Fig. 2. Tissue factor drives procoagulant activity in primary breast fibroblasts.** A** Correlation of fibroblast TF expression (immunocytochemistry) and procoagulant activity (clotting times) (log_10_ – transformed). B Correlation of fibroblast conditioned media TF concentration (TF activity assay) and procoagulant activity (clotting times) (log_10_ – transformed). TF (tissue factor), CM (conditioned medium)
CAF-Like Fibroblasts Exhibit Increased Procoagulant Activity
We hypothesized that fibroblasts acquiring a CAF-like phenotype exhibit enhanced procoagulant activity. Having established that fibroblast TF expression is functionally procoagulant, we investigated the relationship between the fibroblast expression of α-SMA, a CAF and fibroblast activation marker, and TF expression. α-SMA expression positively correlated with TF levels (n = 19, Pearson r = 0.67, p = 0.002) (Fig. 3A). Similarly, secretion of the fibroblast activator, TGFβ1 inversely correlated with clotting times of the fibroblast CM (n = 46, Pearson r = -0.45, p = 0.0008), indicating that a higher TGFβ1 level is associated with increased procoagulant activity (shorter clotting times) (Fig. 3B). Together these findings support the hypothesis that fibroblast activation toward a CAF-like state is associated with elevated tissue factor expression and procoagulant activity.
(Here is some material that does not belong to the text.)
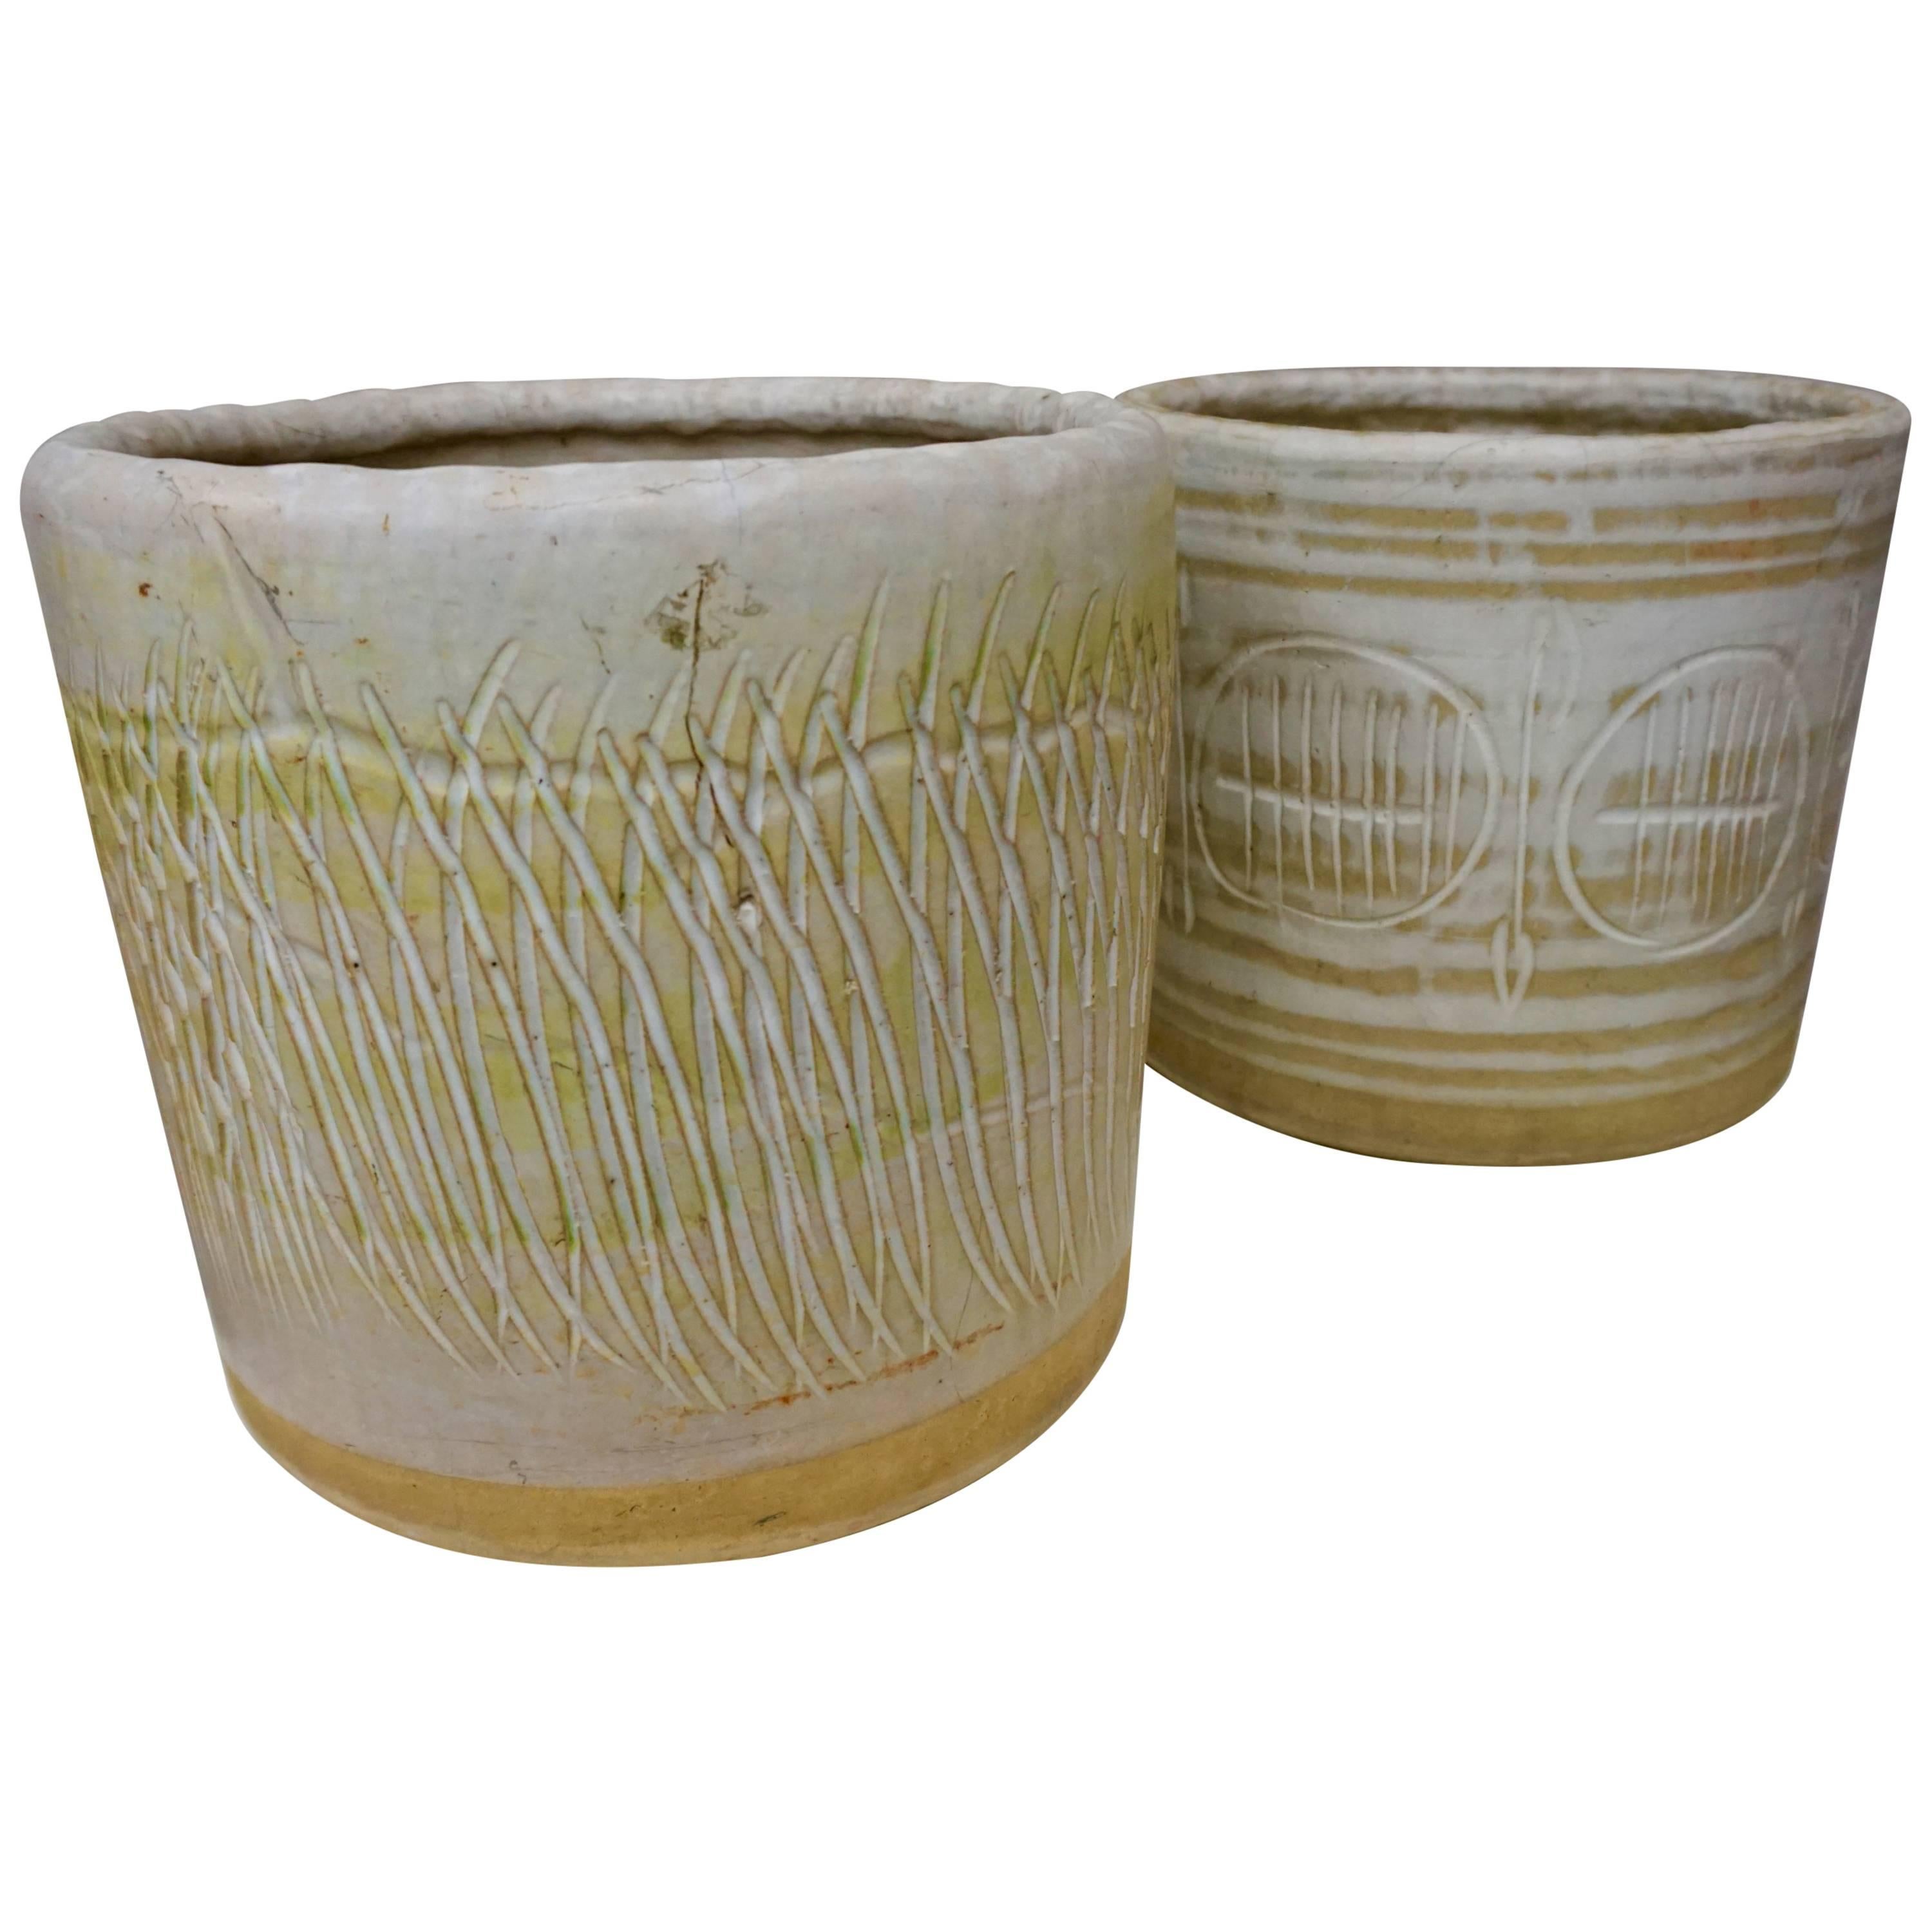 Pair of Ceramic Vessels by Martz Studios
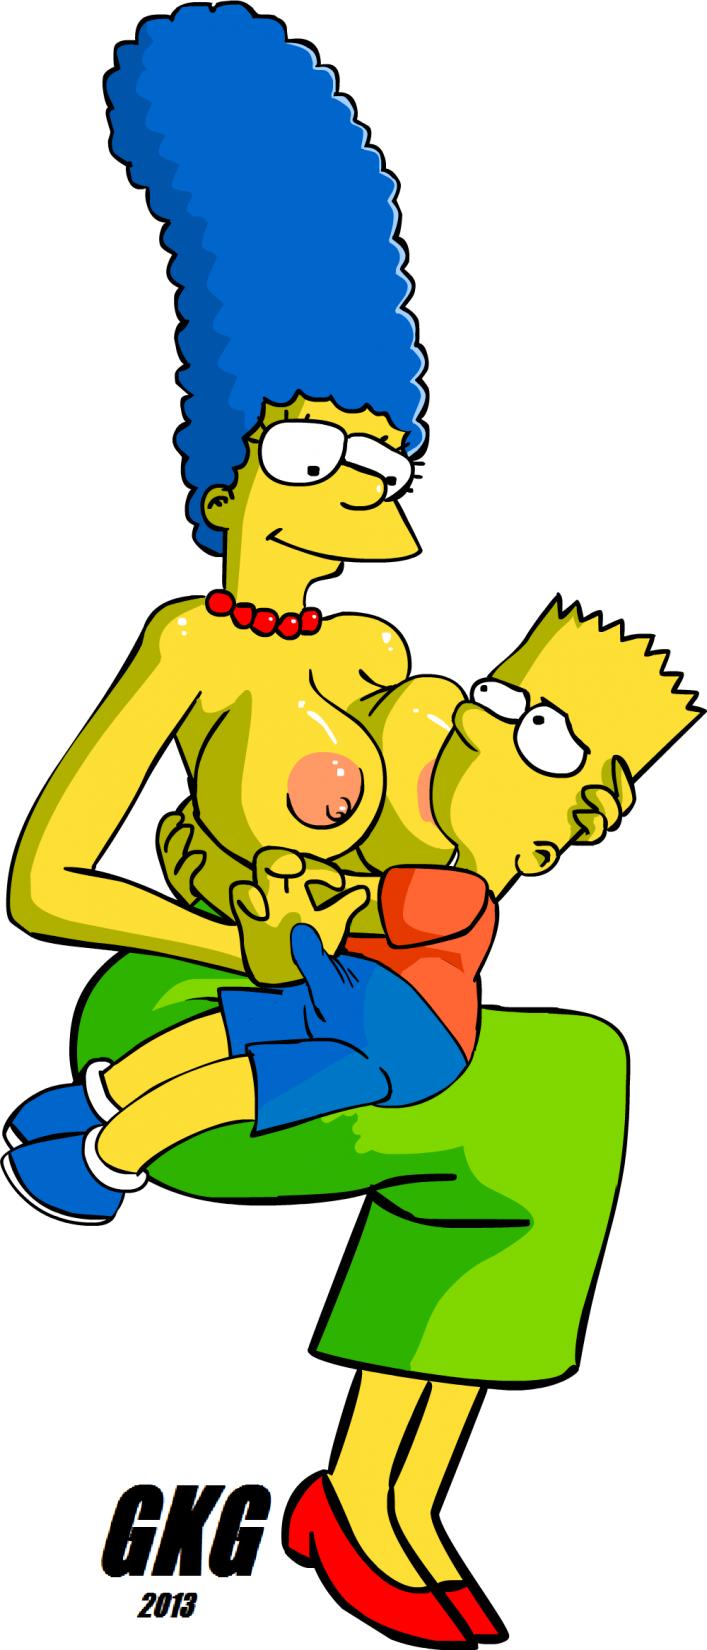 GKG - Marge & Bart

Fig. 3. Procoagulant and activation phenotypes correlate in primary breast fibroblasts. A Correlation of fibroblast TF and α-SMA expression (western blotting). B Correlation of TGFβ1 concentration (ELISA) and clotting times (procoagulant activity assay) in fibroblast conditioned media (CM) (log10 – transformed). TF (tissue factor), TGFβ1 (transforming growth factor beta 1)
Fibroblasts Distant from the Breast Tumour are Procoagulant and CAF-Like
Having evidenced that as fibroblasts become more CAF-like, they exhibit increased procoagulant activity, we investigated whether this was an immediate TME effect or more consistent with a field change. We compared the procoagulant and activation phenotypes of fibroblasts cultured from invasive breast cancer tissue (tumour) with those cultured from macroscopically normal tissue ≥ 2 cm from the tumour within the same breast (distant), as well as with fibroblasts from normal breast tissue of non-cancer patients (normal).
When comparing tumour fibroblasts to matched distant fibroblasts, there was no difference in the procoagulant activity of the fibroblasts (median [tumour = 39.9 s, distant = 40.9 s, ]; p = 0.55) (Fig. 4D) or their CM (median [tumour = 482.1 s, distant = 454.5 s, ]; p = 0.93) (Fig. 4E). Conversely, normal breast fibroblasts and CM from non-cancer patients exhibited significantly lower procoagulant activity compared to both tumour and distant fibroblasts ([median: normal 53.2 s vs. tumour 39.9 s, p = 0.004; vs. distant 40.9 s, p = 0.007]; [CM, median: normal 835.9 s vs. tumour 482.1 s, p = 0.002; vs. distant 454.5 s, p = 0.01]) (Fig. 4D and E).
Consistent with these findings, there was no difference between the levels of TF secreted by the tumour and distant fibroblasts into their CM (median [tumour = 2.24 pM, distant = 2.64 pM]; p = 0.65) (Fig. 4F). In contrast, normal breast fibroblasts from non-cancer patients secreted significantly lower levels of TF into their CM compared to both tumour and distant fibroblasts (median: normal 0.796 pM vs. tumour 2.24 pM, p = 0.002; vs. distant 2.64 pM, p = 0.006) (Fig. 4F).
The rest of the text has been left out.